▶ **SOURCE DATA**
.....

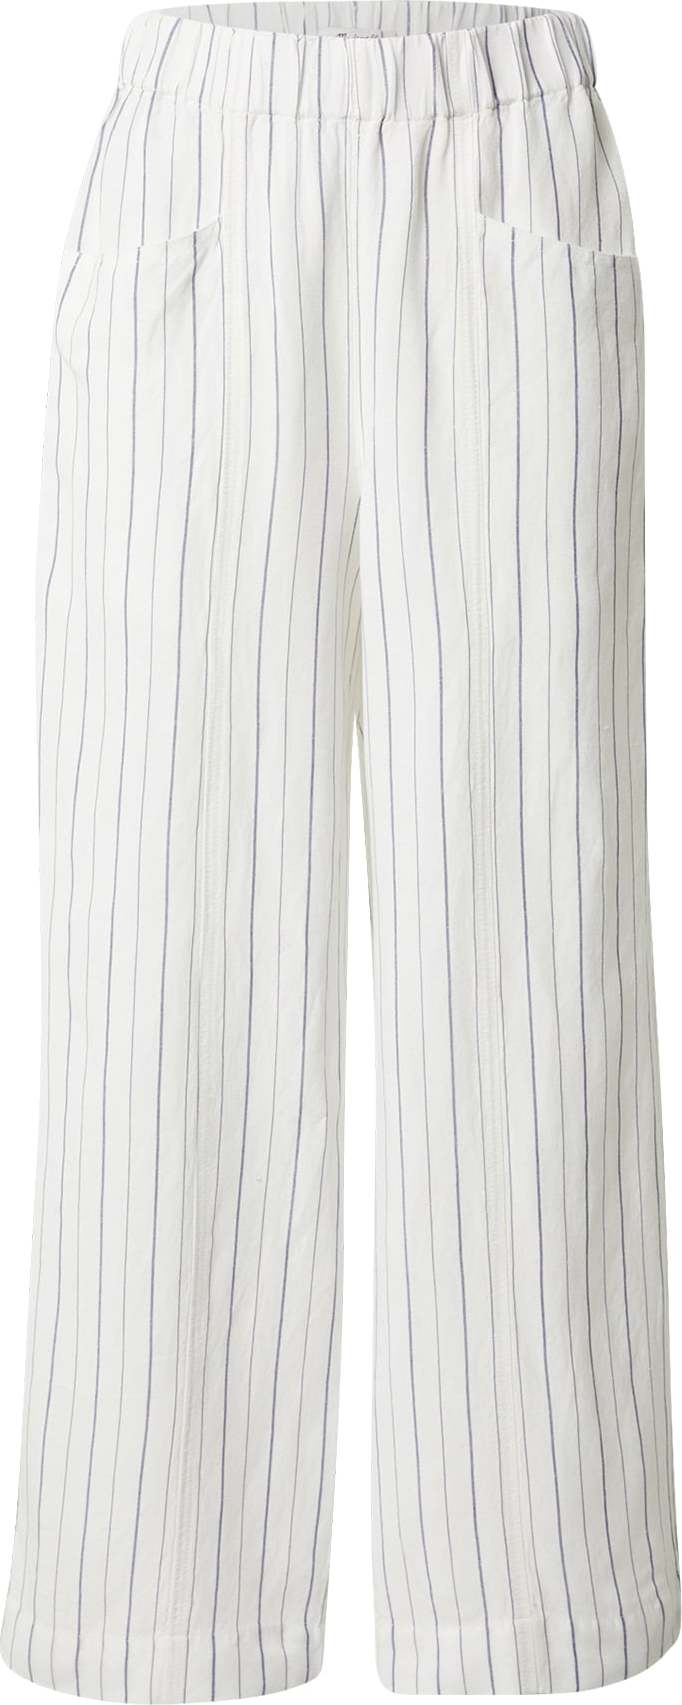 Madewell Kalhoty bílá / námořnická modř
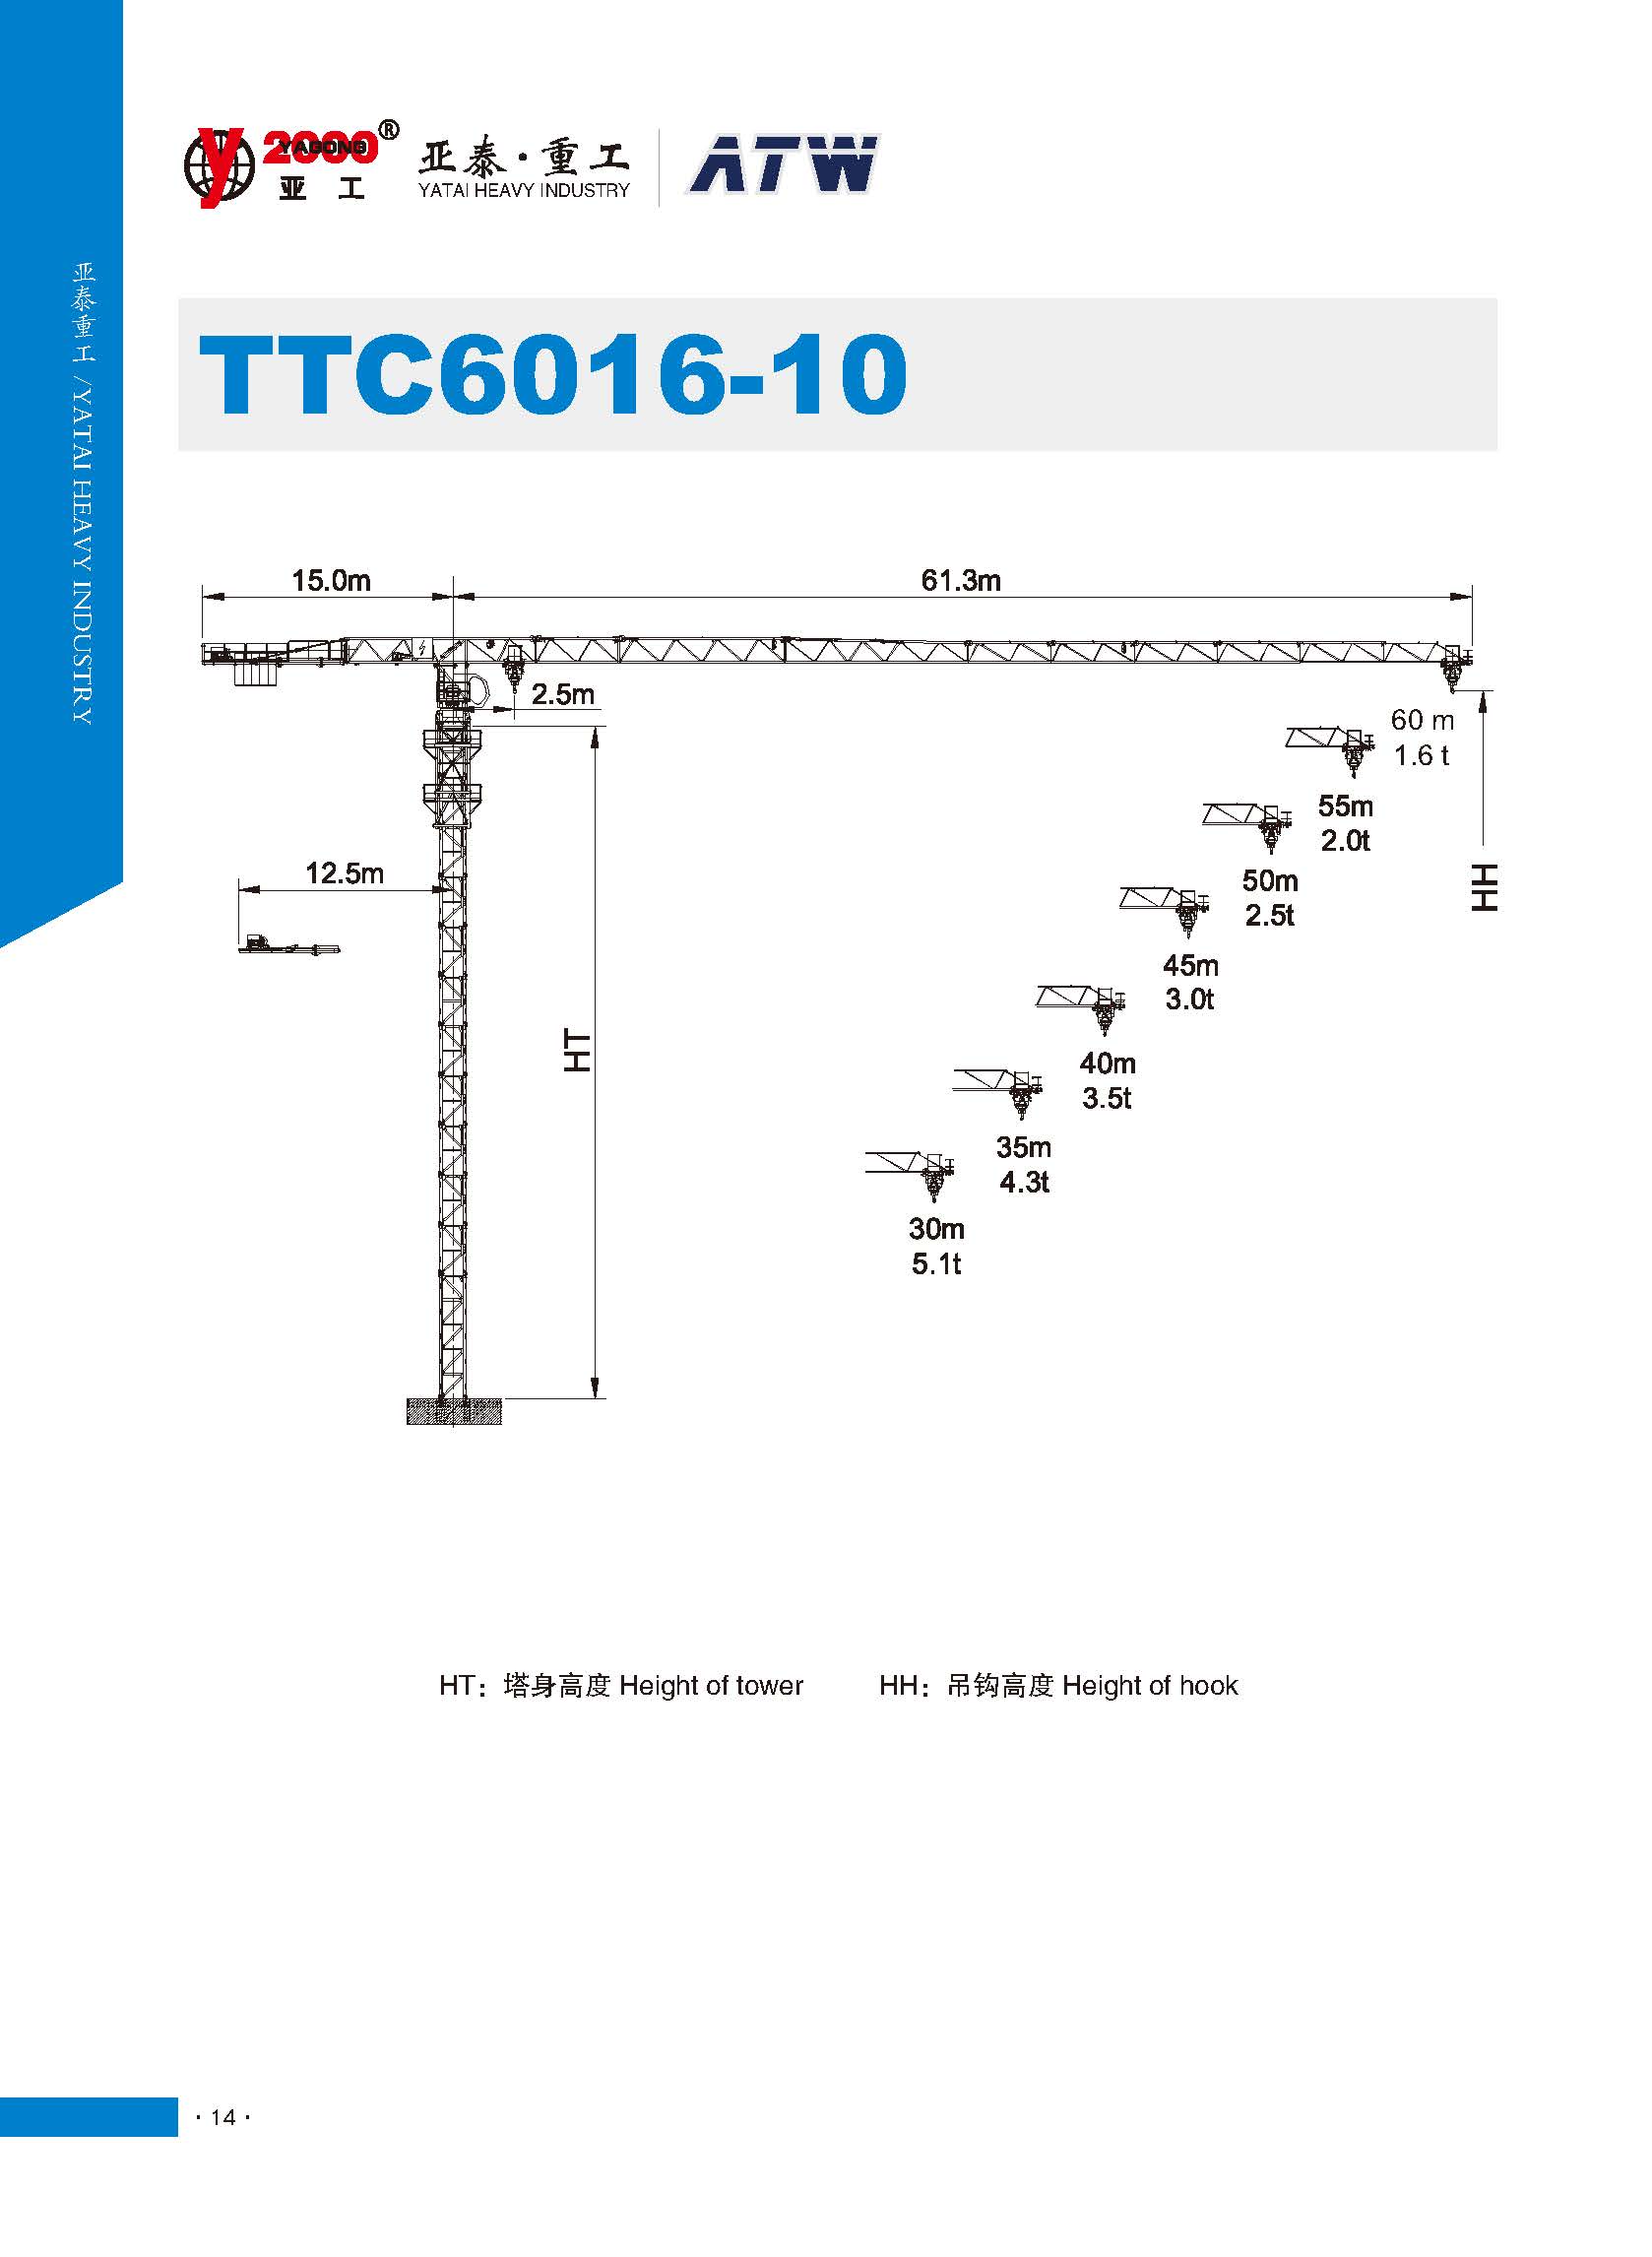 Topless Tower Crane TTC6016-10
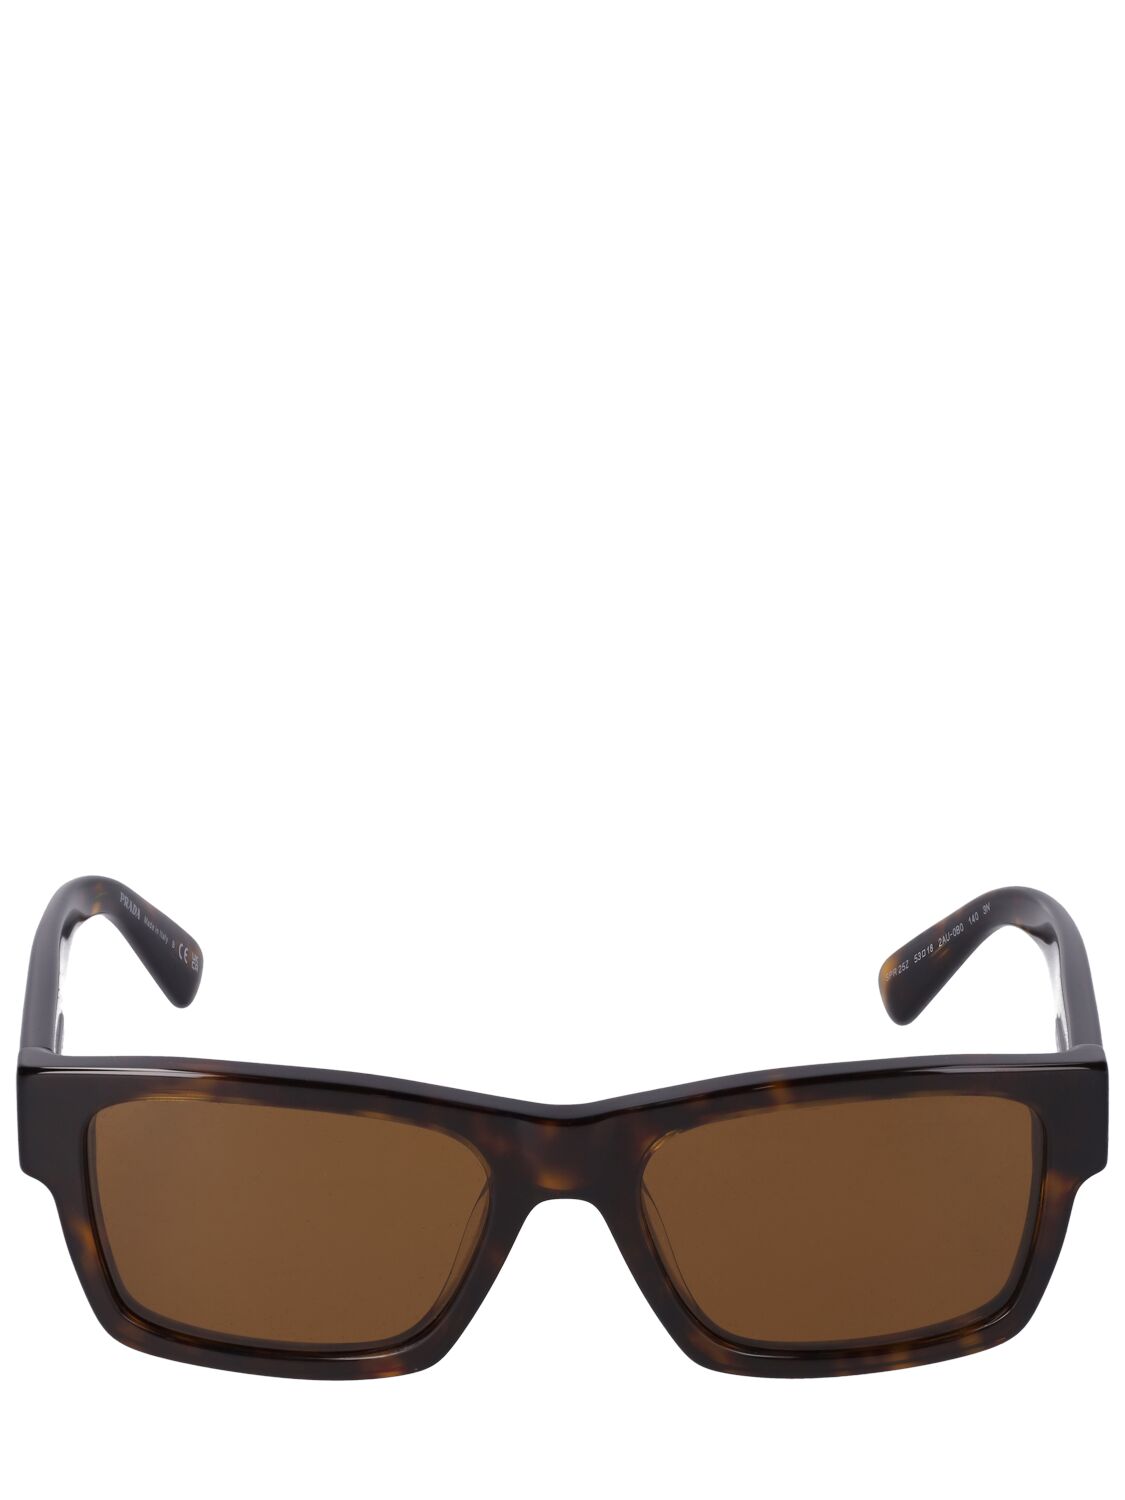 Image of Heritage Squared Acetate Sunglasses

.....

Exclude the pictures from the copy. Retype exactly the lines running from the one containing "Topless Tower Crane TTC6016-10" through the last line of the listing.

▶ **ANSWER FOR THIS EXERCISE**
 Topless Tower Crane TTC6016-10
 Image of Heritage Squared Acetate Sunglasses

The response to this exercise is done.